If there is a significant 3-way interaction effect, you can decompose it into:

  • Simple two-way interaction: run two-way interaction at each level of third variable,
  • Simple simple main effect: run one-way model at each level of second variable,
  • Simple simple pairwise comparisons: run pairwise or other post-hoc comparisons if necessary.

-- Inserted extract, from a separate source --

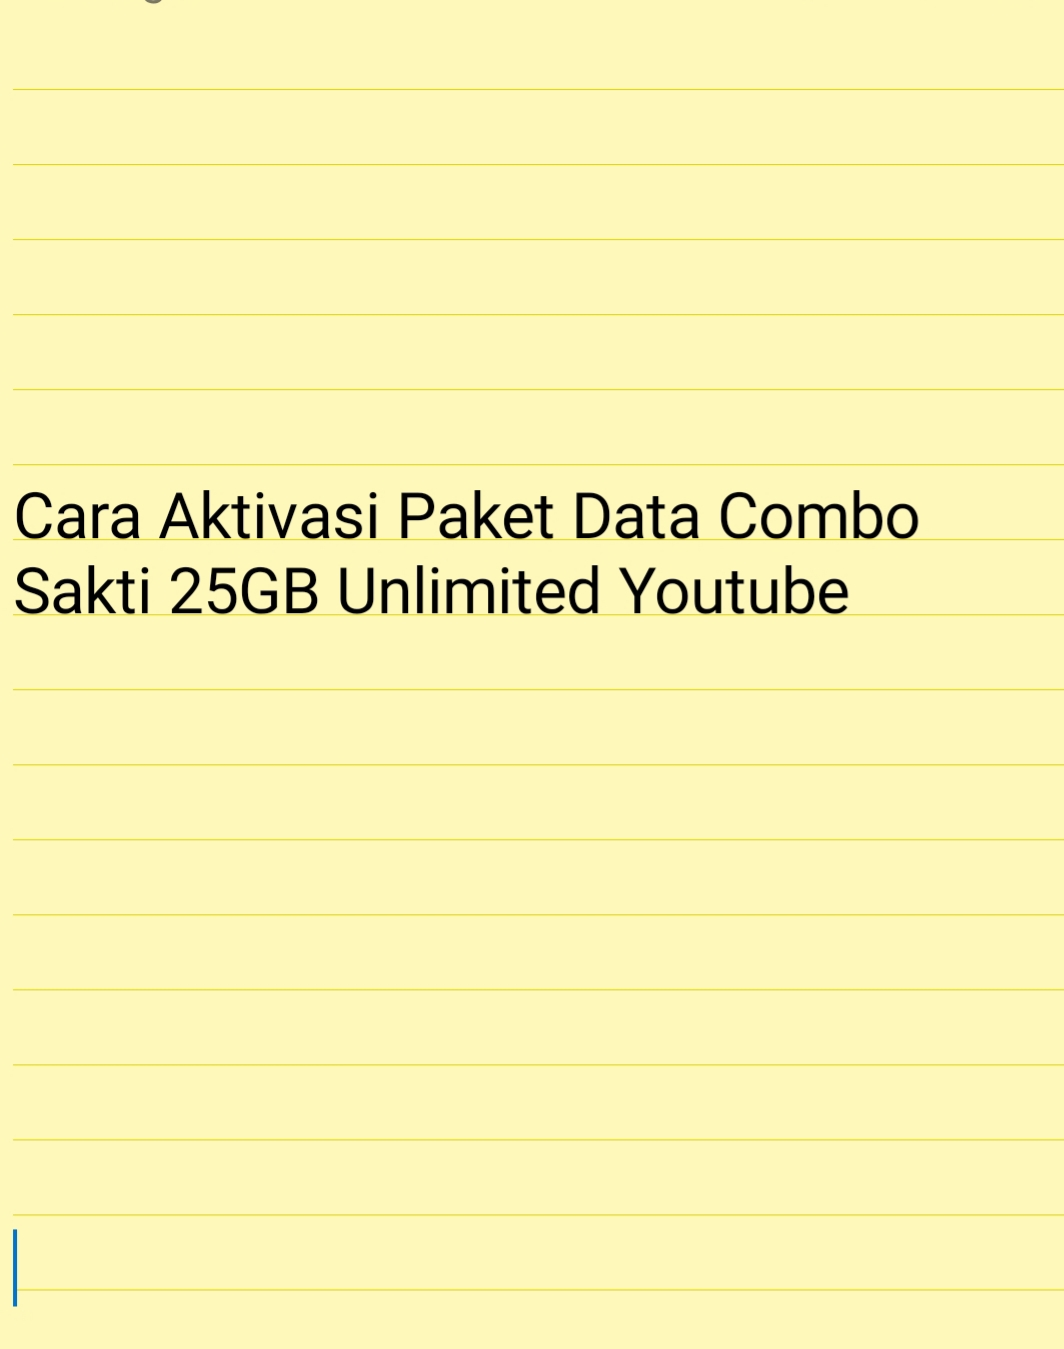 Cara Beli Paket Internet Combo Sakti Telkomsel  Cara Beli Paket Internet Combo Sakti Telkomsel 25GB Unlimited Youtube
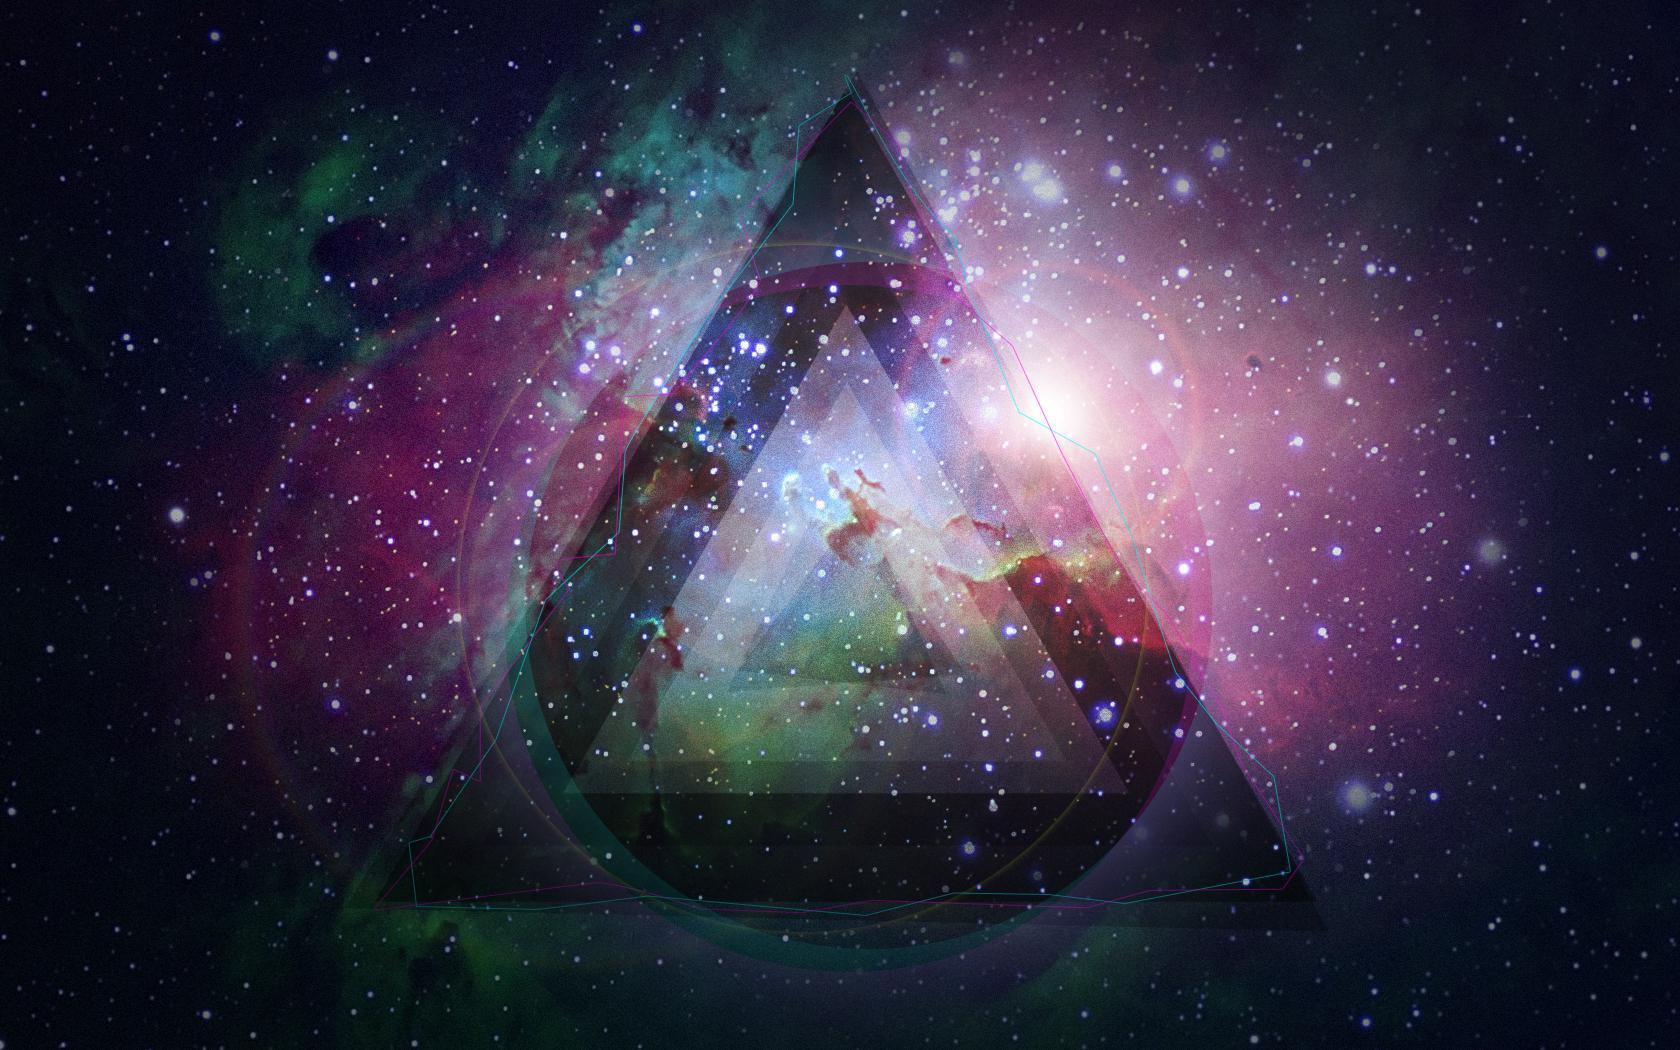 symbolism of triangle

If you do not have a statistically significant three-way interaction, you need to determine whether you have any statistically significant two-way interaction from the ANOVA output. You can follow up a significant two-way interaction by simple main effects analyses and pairwise comparisons between groups if necessary.

Two-way interactions

gender Effect DFn DFd F p p<.05 ges
male risk 1 59 55.54 0.000
0.485
male treatment 2 59 11.29 0.000
0.277
male risk:treatment 2 59 5.83 0.005
0.165
female risk 1 59 54.17 0.000
0.479
female treatment 2 59 1.57 0.216 0.051
female risk:treatment 2 59 1.57 0.216 0.051
The two-way interaction between risk and treatment for males was statistically significant (p = 0.005, p < 0.05). Therefore, risk strongly influences the outcome of the treatment (its effect on pain_score).

Main effects

gender risk Effect DFn DFd F p p<.05 ges
male high treatment 2 59 16.390 0.000
0.357
male low treatment 2 59 0.732 0.485 0.024
female high treatment 2 59 0.004 0.996 0.000
female low treatment 2 59 3.140 0.051 0.096
From the table above we can conclude that for men in a group of high risk chosen type of treatment has a statistically significant effect on pain_score. => there’s a statistically significant simple simple main effect of treatment for those individuals

Pairwise comparisons

gender risk term .y. group1 group2 p.adj p.adj.signif
male high treatment pain_score X Y 0.000 ***
male high treatment pain_score X Z 0.000 ****
male high treatment pain_score Y Z 0.897 ns
gender risk treatment emmean se df conf.low conf.high method
male high X 92.7 1.8 60 89.1 96.3 Emmeans test
male high Y 82.3 1.8 60 78.8 85.9 Emmeans test
male high Z 79.7 1.8 60 76.1 83.3 Emmeans test

When considering male at high risk of migraine, difference between treatments X and Y and also X and Z is statistically significant. The difference between Y and Z is not statistically significant because of p.adj that equals almost 0.897.